Exercises to Teach Listening Skills


 by Sandy Fleming

Listening skills are vital to school and career success, and yet most people receive very little instruction in the subject.

Listening skills are vital to school and career success, and yet most people receive very little instruction in the subject. Michael Opitz, professor of reading at the University of Northern Colorado, and Matthew Zbaracki, Assistant Professor of Elementary Education at Rhode Island College, make a very good case for including listening exercises in the routine curriculum for all ages. Many children receive as much as half of their educational programming through listening but have little instruction on how to listen effectively. Exercises in five categories can help rectify this situation.

Paying Attention

The first strategy to develop listening skills is to pay attention. Focusing attention on the words is vital to comprehension and recall. Exercises and practice can help learners improve this skill. Before starting, declare a "secret word" that will be mentioned in the listening text and have learners respond when they hear it. Audience participation stories are also fun for students of all ages. These stories set up specific words as cues for the audience to shout, move or respond to when the words are heard. The cue words are sprinkled throughout the story, eliciting audience responses every few sentences.

Discriminating

Good listening also relies on distinguishing between words, particularly similar-sounding words. Listeners may have particular difficulties with hearing differences at the ends of words. An exercise to help with this skill is called "Stranger in the House." The leader says a list of four to ten words that all end with the same sound or the same syllable and includes one word that ends differently. For example, the list might include "sat," "bet," "hit," "car," "jet," "dot." When players identify the word that does not belong to the group, they shout it out. In this example, it would be "car."

Building Memory

Listening also involves memory skills. In order to be a good listener, a person must be able to recall the details of what was said. Play auditory memory games to build this skill, such as "I'm going on vacation and I'm going to take..." Each player repeats the list and adds a new item. Auditory memory can also be honed by teaching students to use mnemonics. Names of classmates can be more easily recalled if each person pairs his or her name with a food beginning with the same letter during introductions.

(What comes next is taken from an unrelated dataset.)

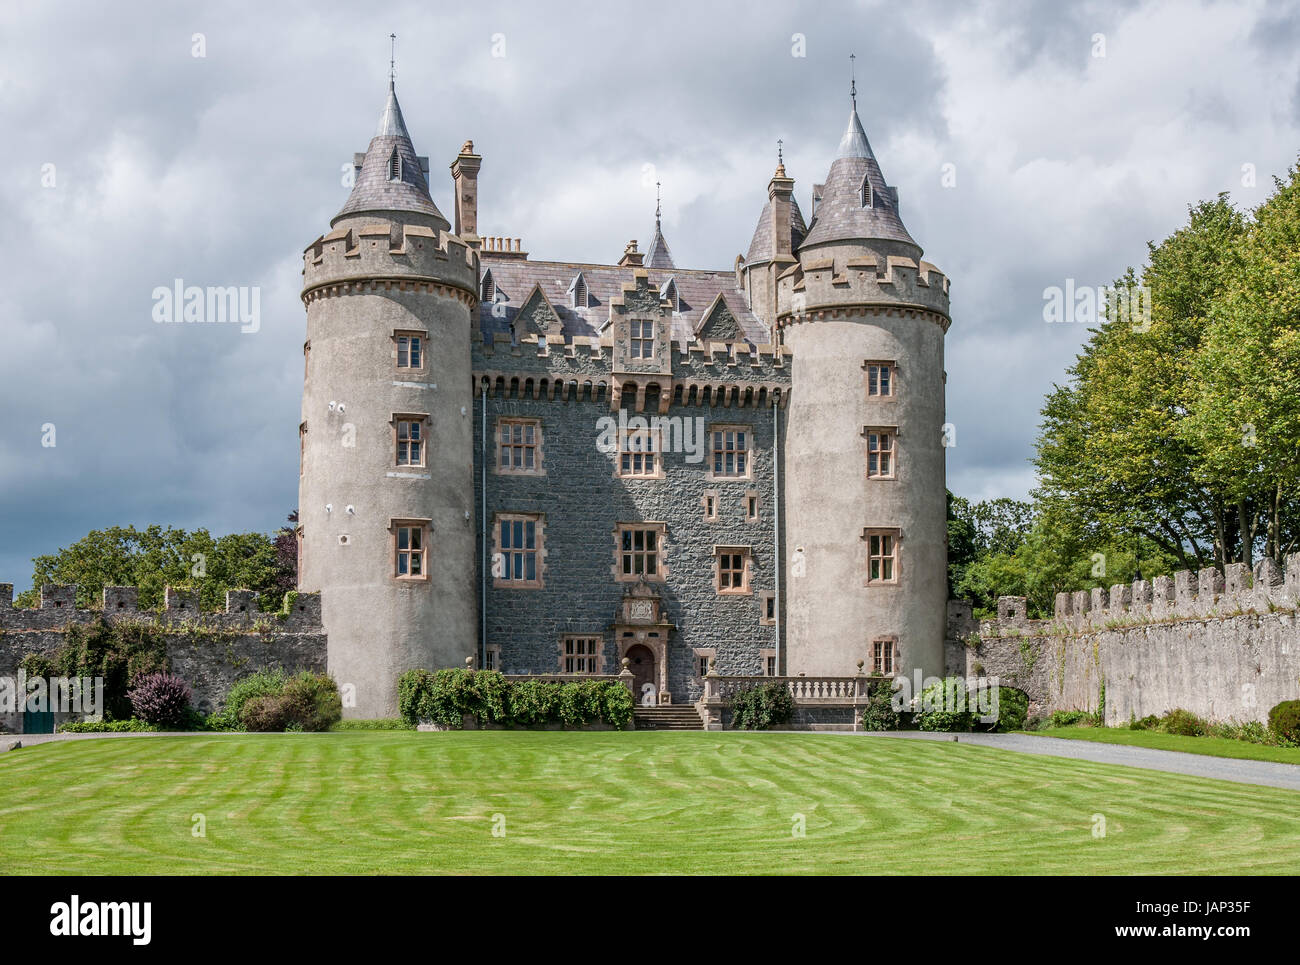 KILLYLEAGH, NORTHERN IRELAND, UK - AUGUST 1, 2015: Killyleagh Castle in Caunty Down, Northern Ireland, UK. It dates back to 12th century but then was  Stock Photo
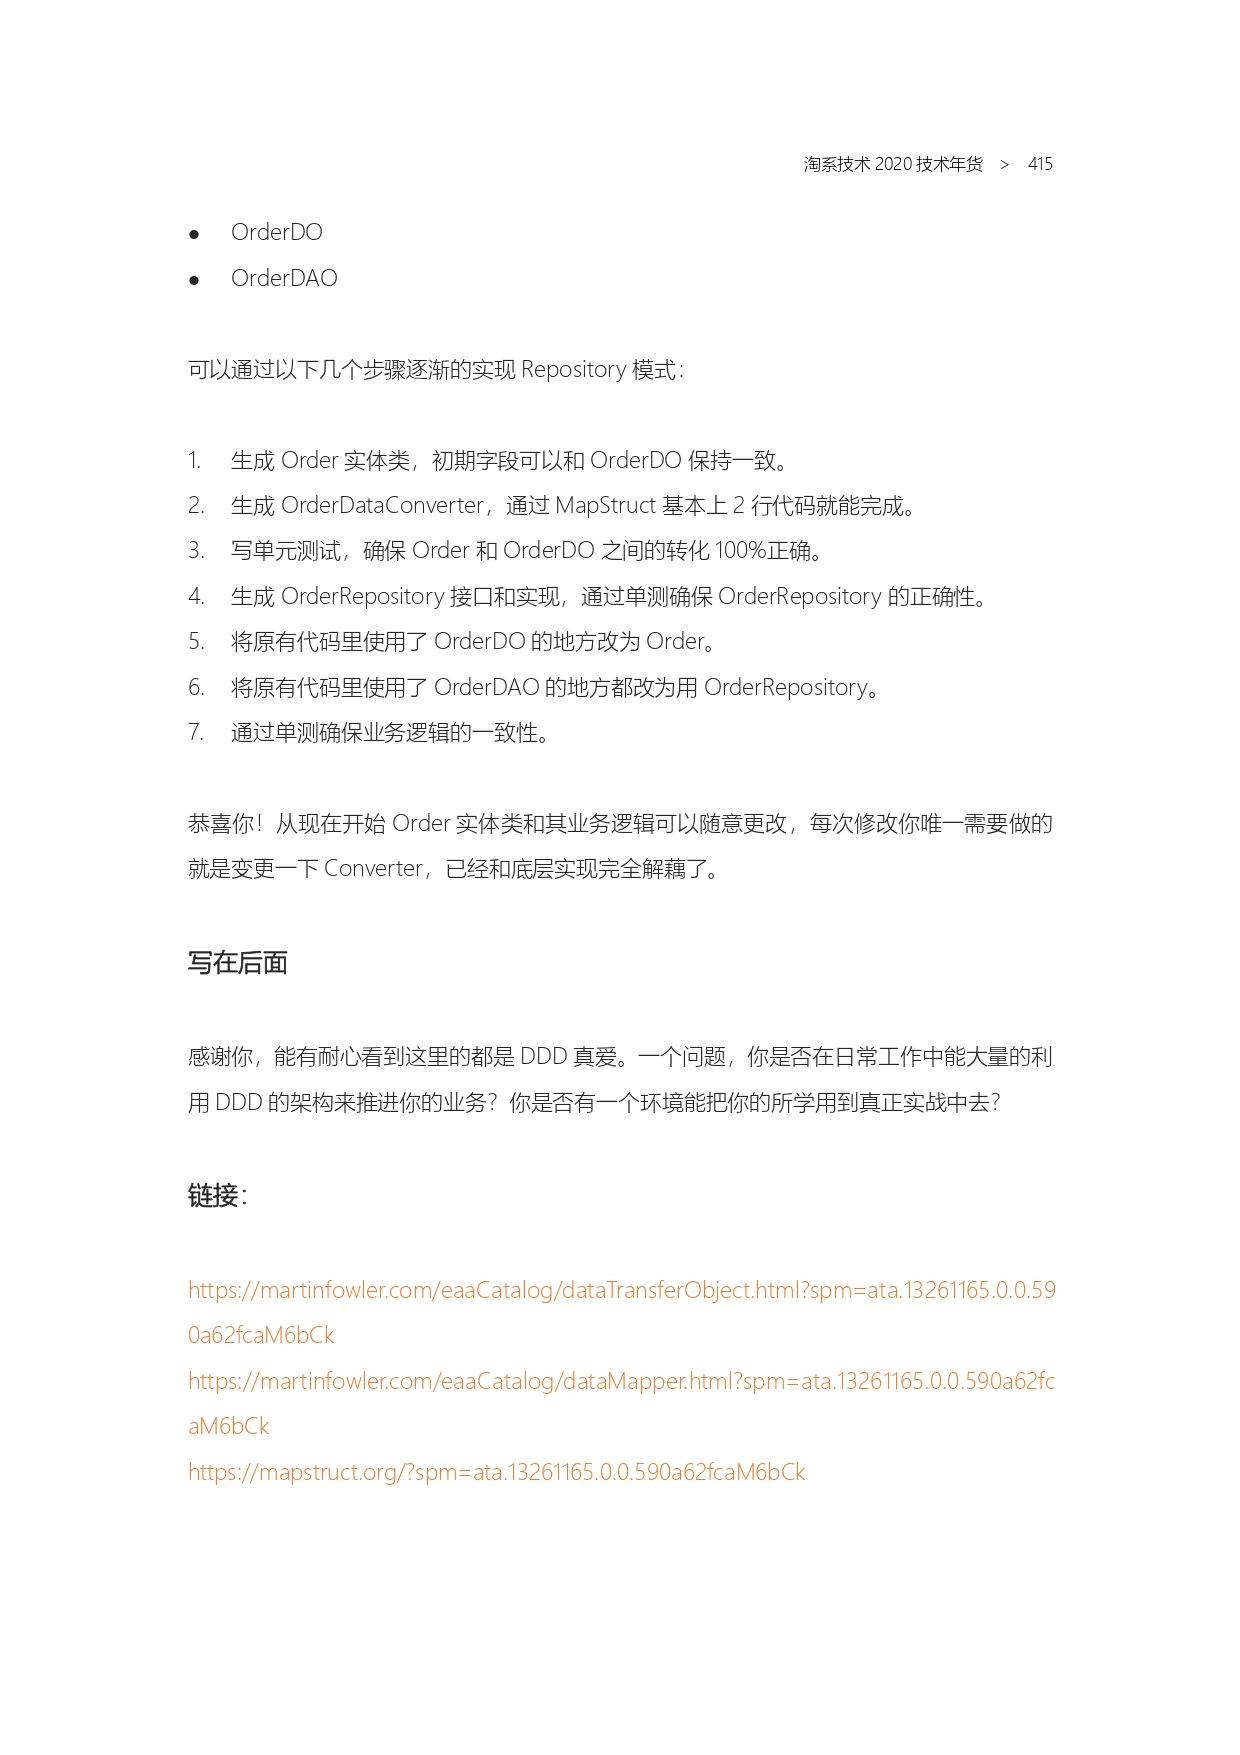 The Complete Works of Tao Technology 2020-1-570_page-0415.jpg

Promoting Active Involvement

Listeners are more effective when they are actively engaged in what is being said. Simply repeating a set of random numbers is a difficult listening task, but students repeating the same set of random numbers to earn points for their team will generally be more successful. Likewise, learners are generally involved if they perceive direct benefit to listening. Play games that rely on listening skills, such as Simon Says for younger children.

Processing Information

Listening skills will also improve when students mentally interact with the information heard. Help students activate previous learning by discussing known information before introducing new ideas. Give students a purpose to listen, such as discovering the answer to a specific question or writing down three facts about the topic. Listeners also benefit from making predictions and summarizing the information presented to them. These activities force the learner to take the information and manipulate it mentally, making later recall more effective. Listeners benefit from interacting with the auditory input.